- _Exercise instructions_
Your reply must contain the full listing below, reproduced exactly, but no pictures.

- _Dataset excerpt_
----
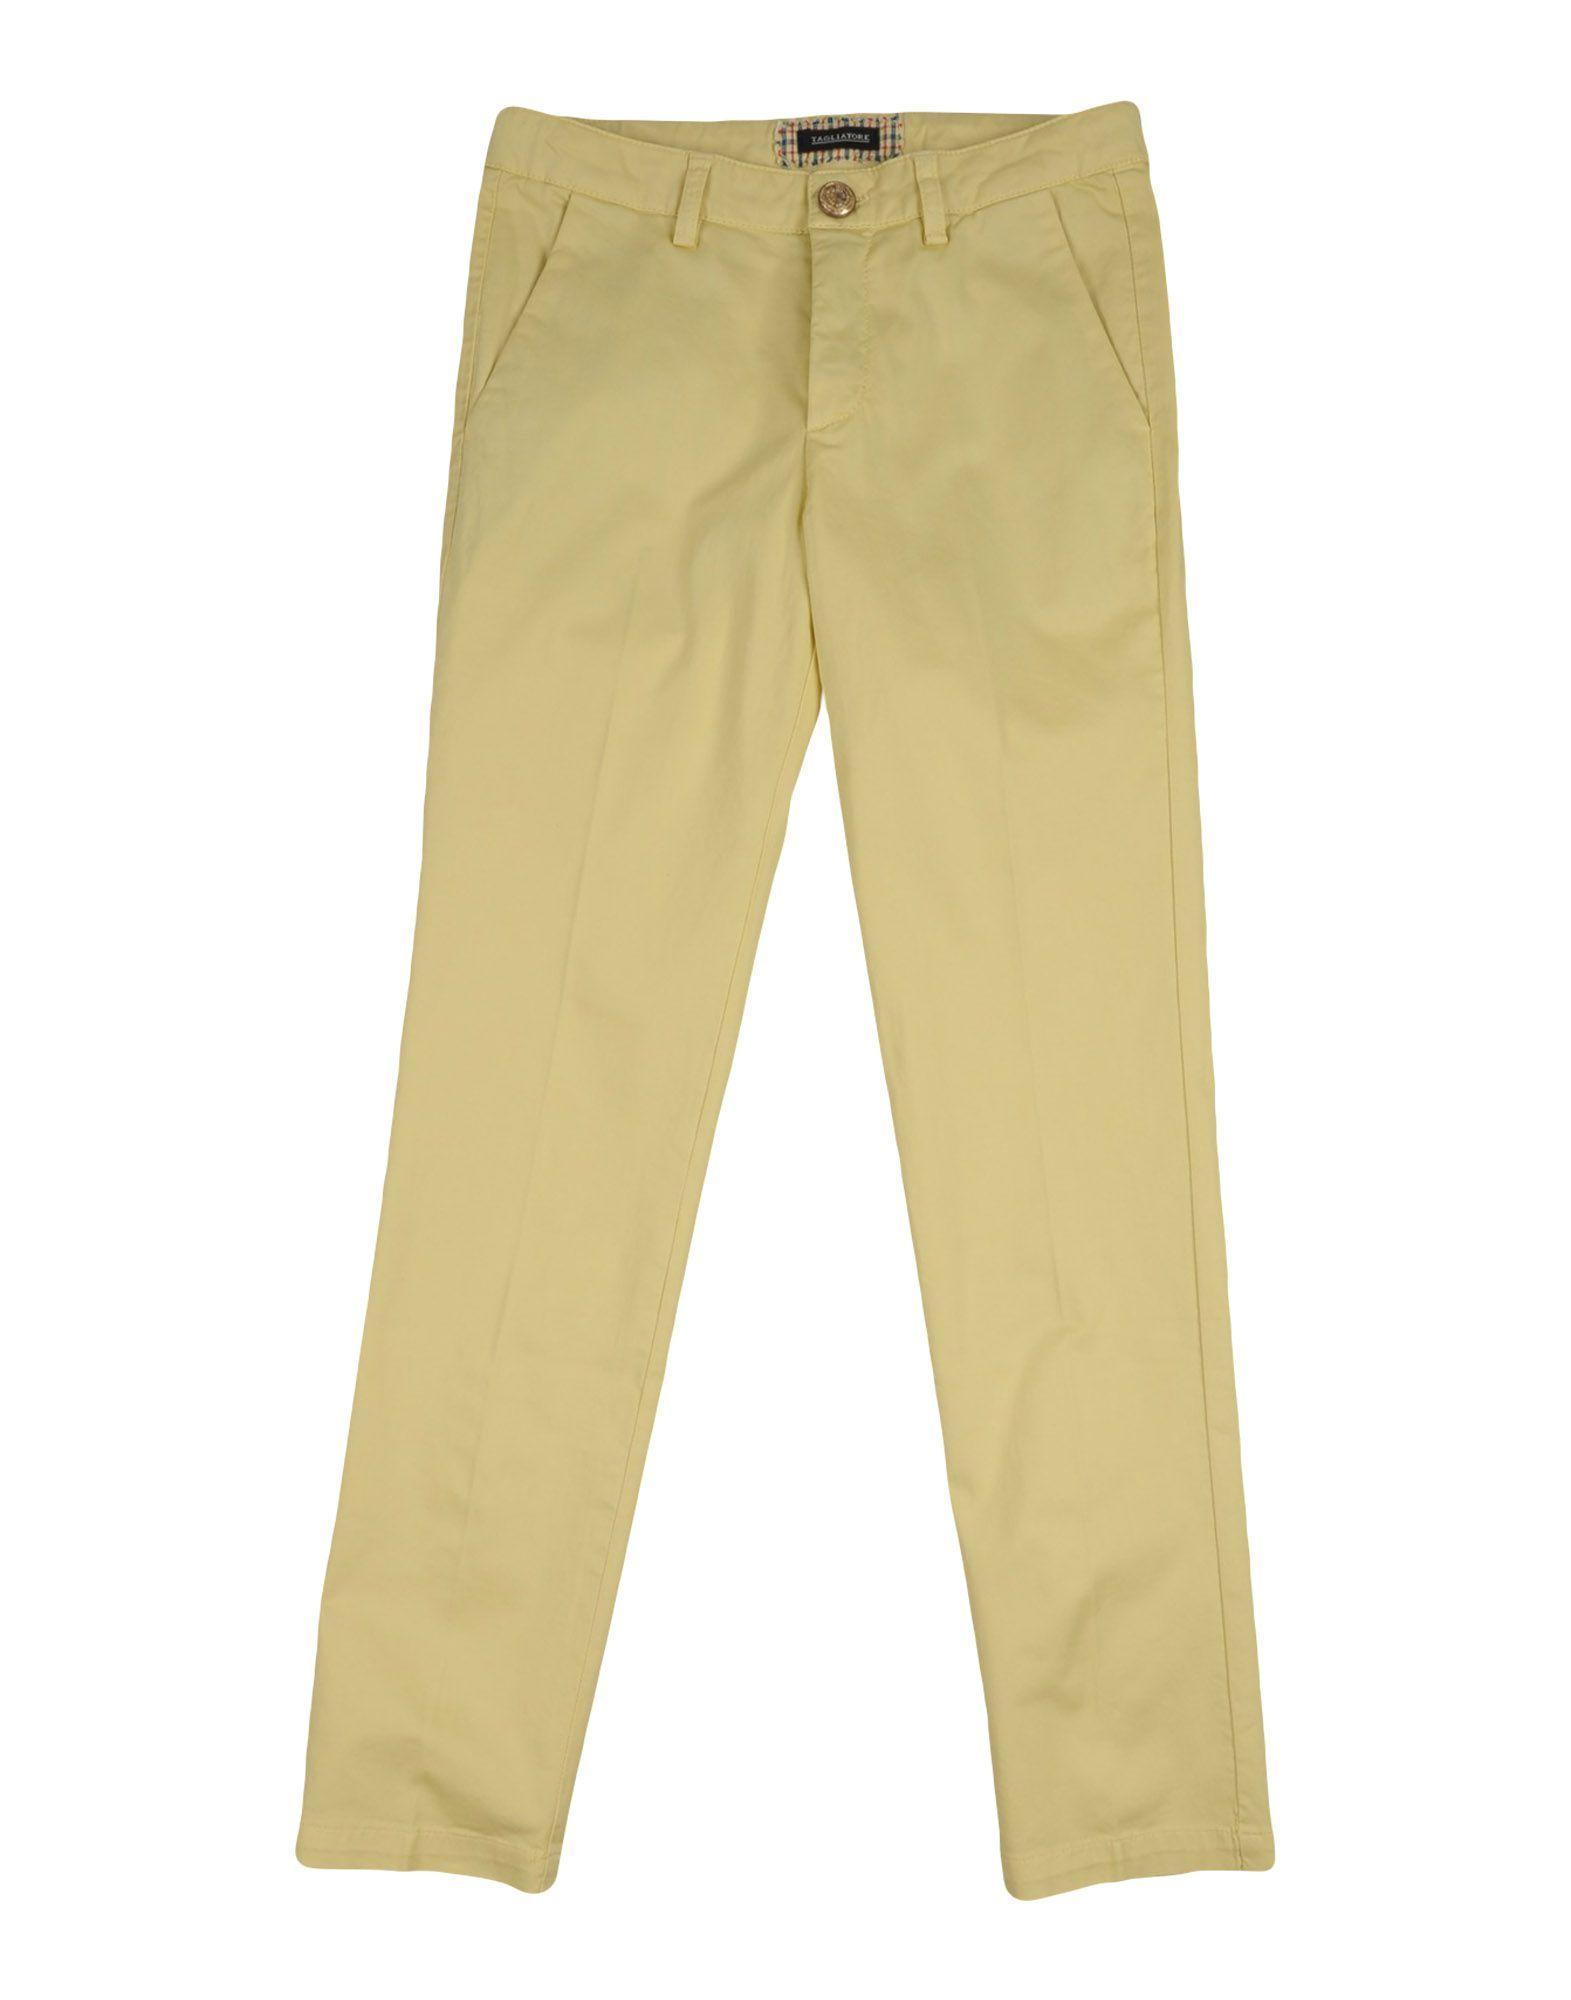 TROUSERS Tagliatore Yellow Boy Cotton
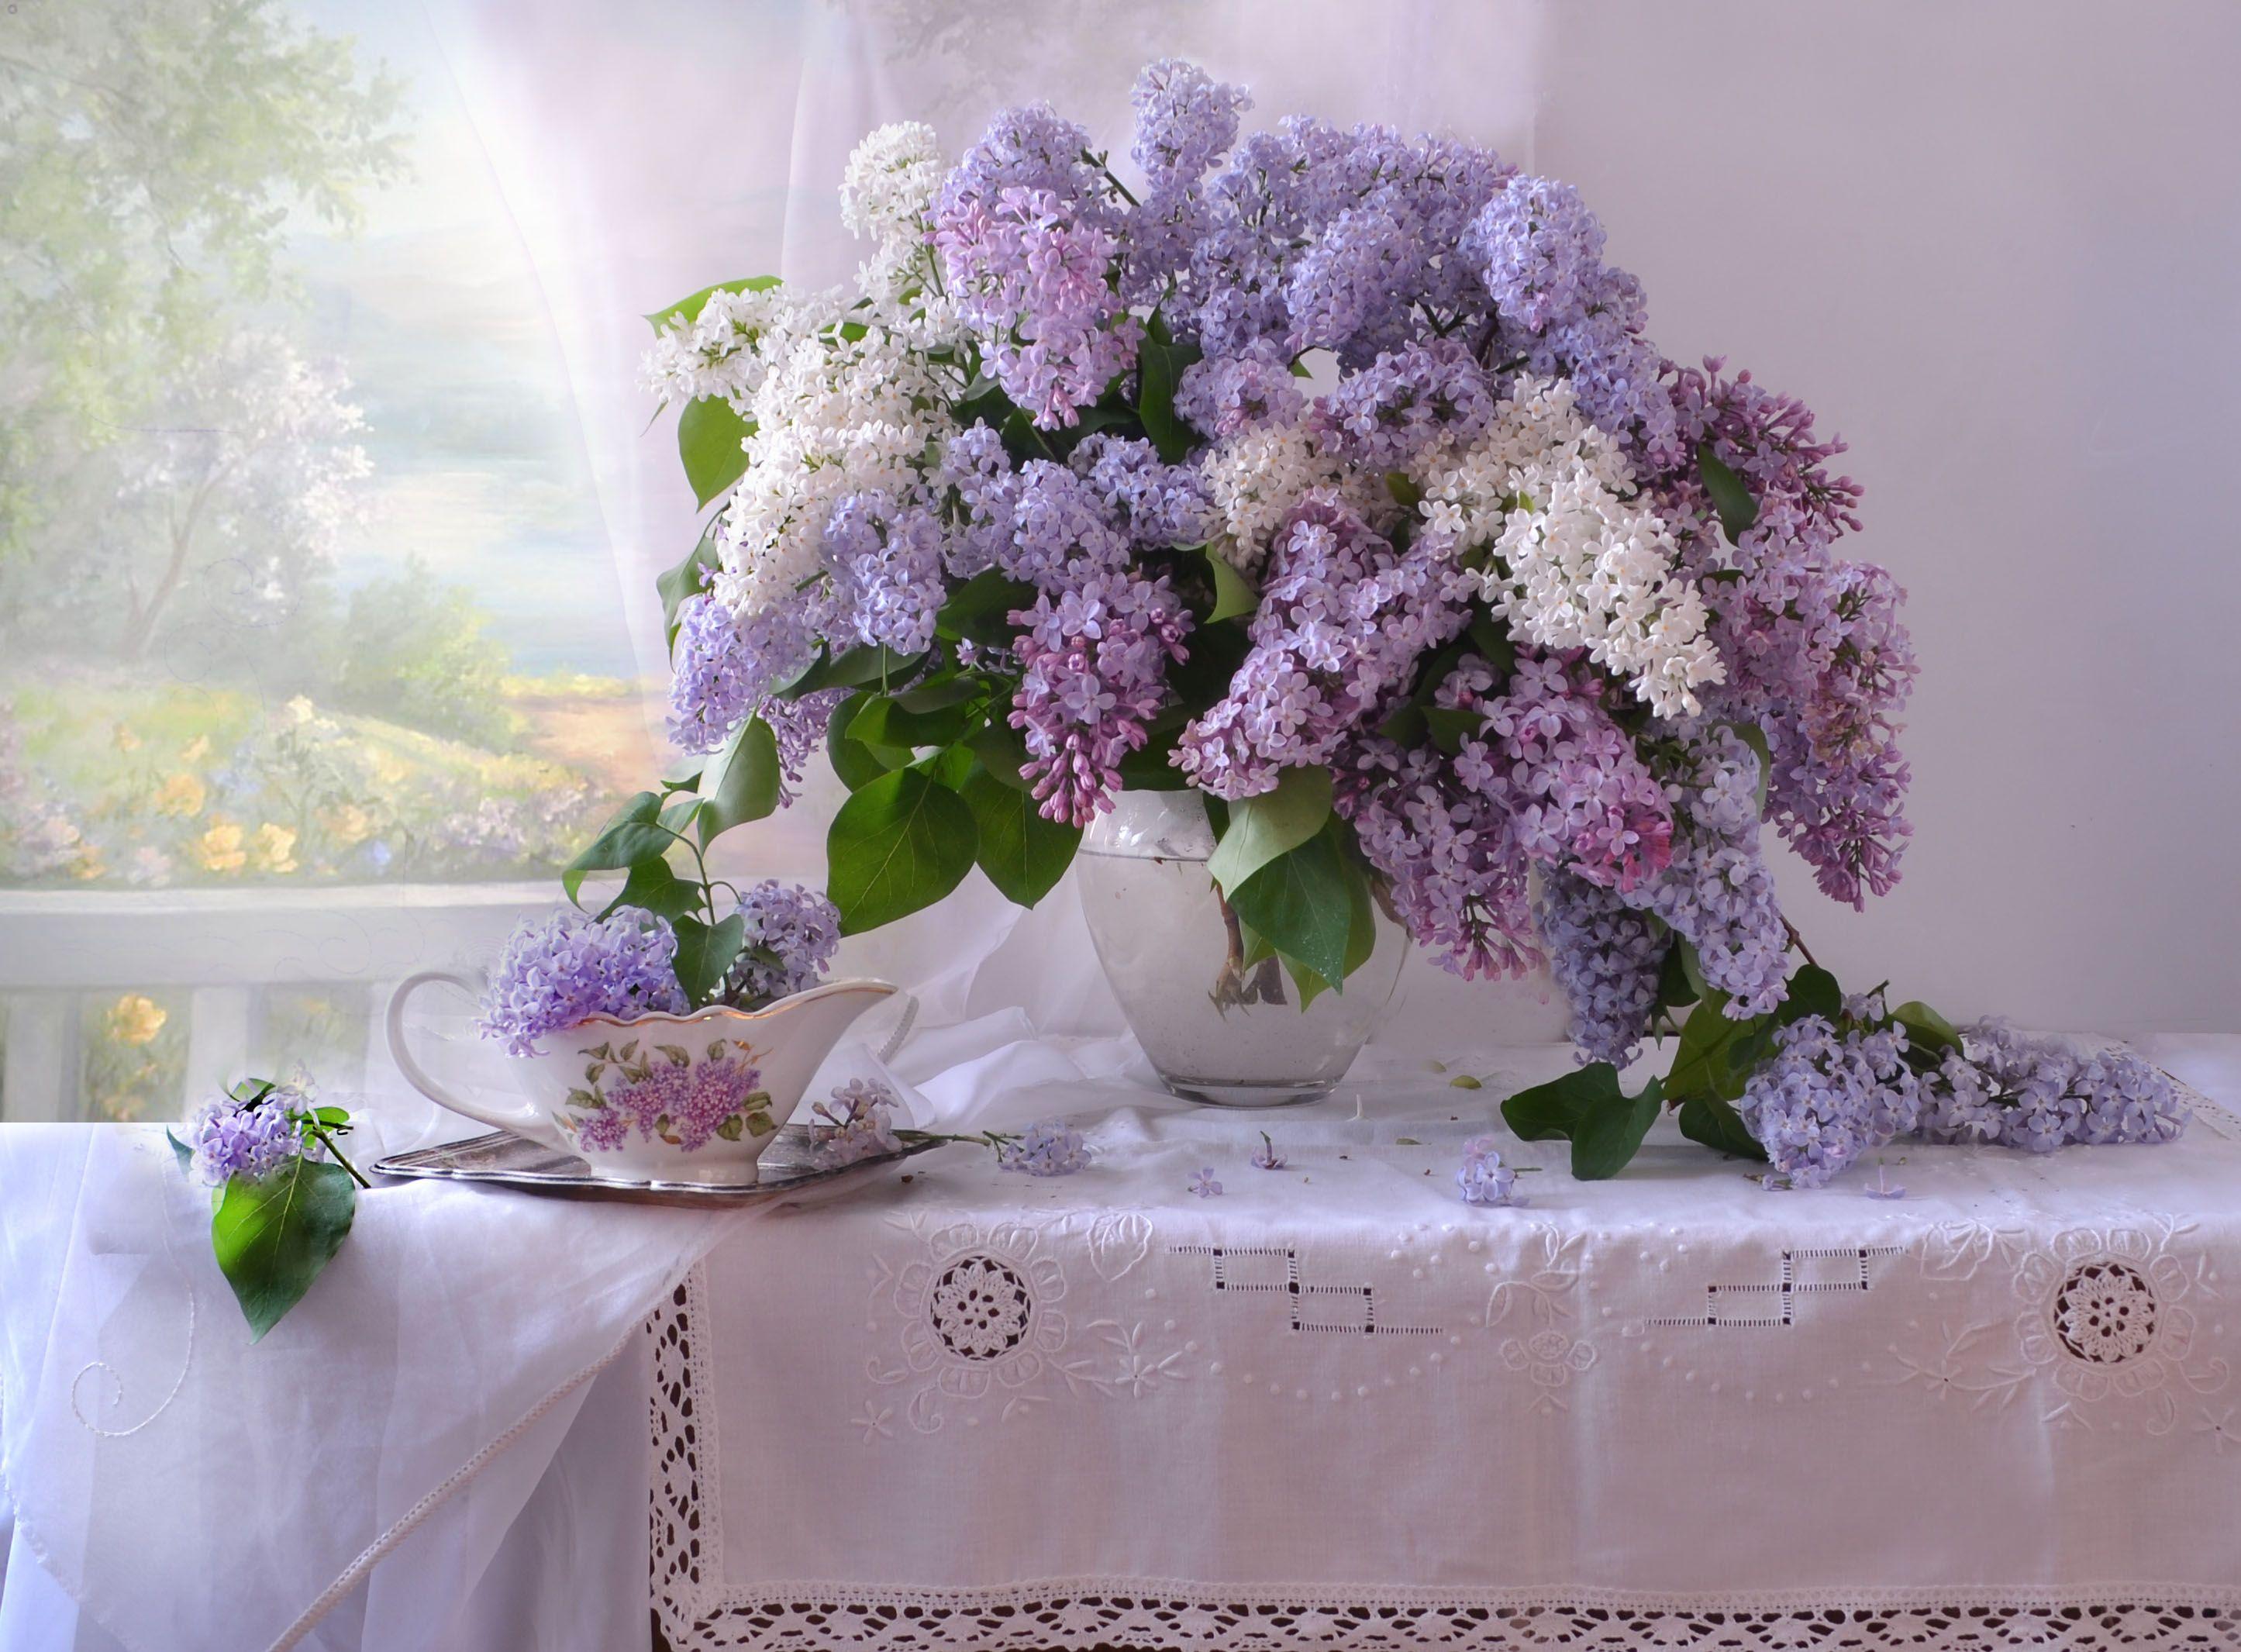 still life,натюрморт, цветы, фото натюрморт, фарфор, стекло, сирень, май, весна, Колова Валентина
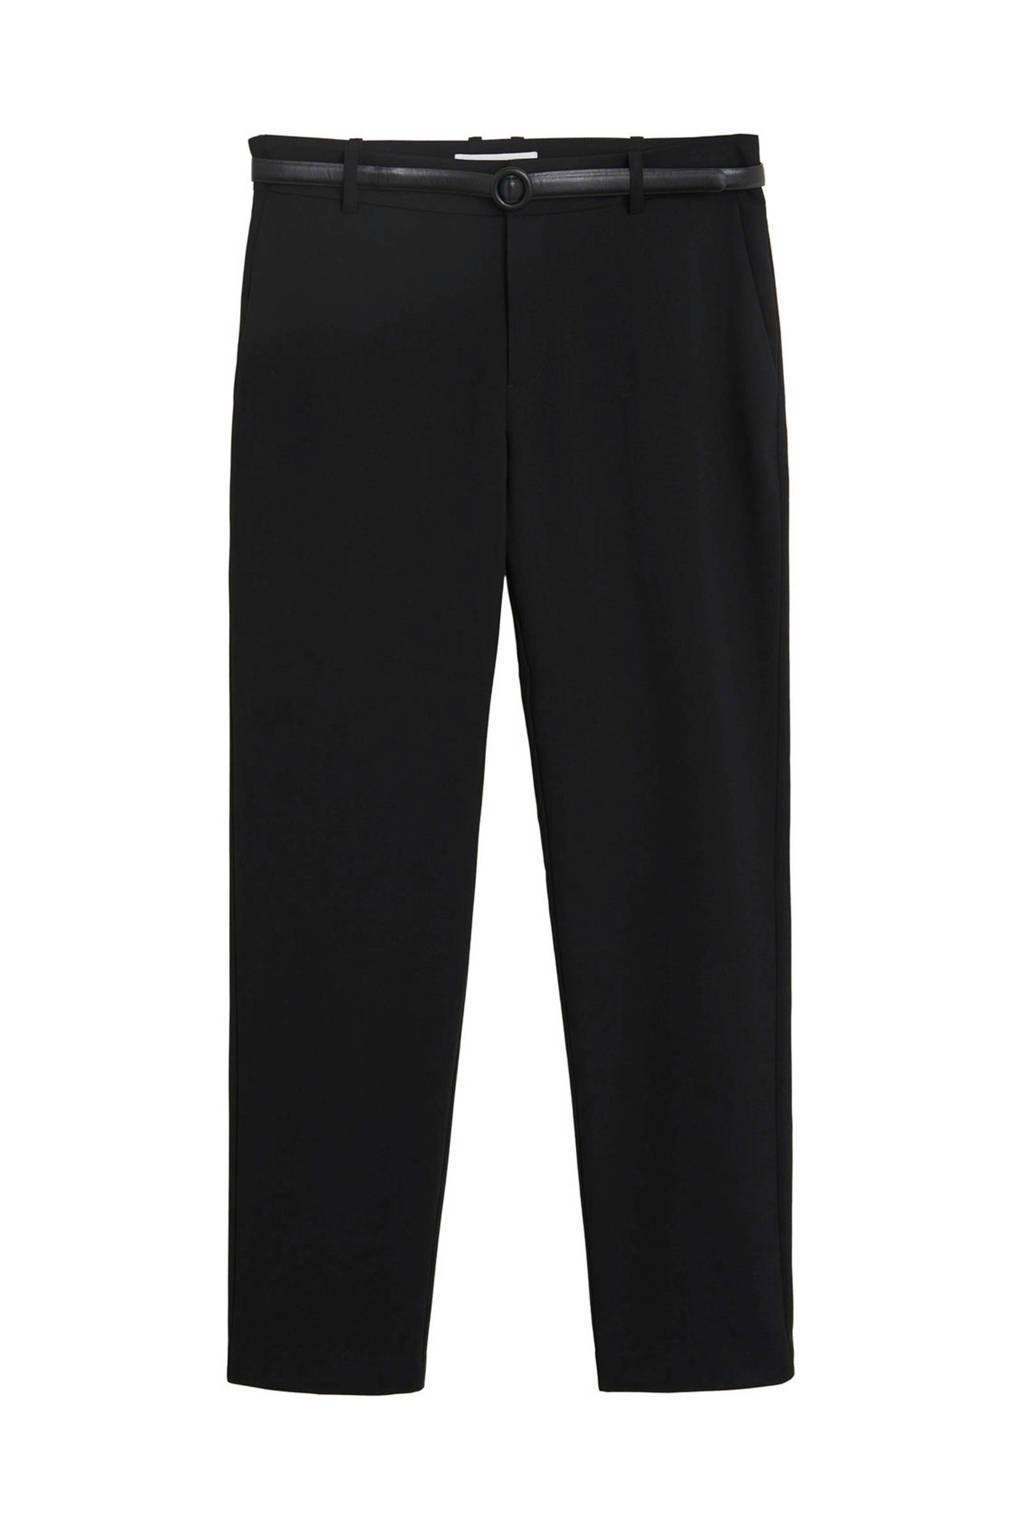 Mango straight fit pantalon zwart, Zwart
----
- _Solution_
 TROUSERS Tagliatore Yellow Boy Cotton
 still life,натюрморт, цветы, фото натюрморт, фарфор, стекло, сирень, май, весна, Колова Валентина
 Mango straight fit pantalon zwart, Zwart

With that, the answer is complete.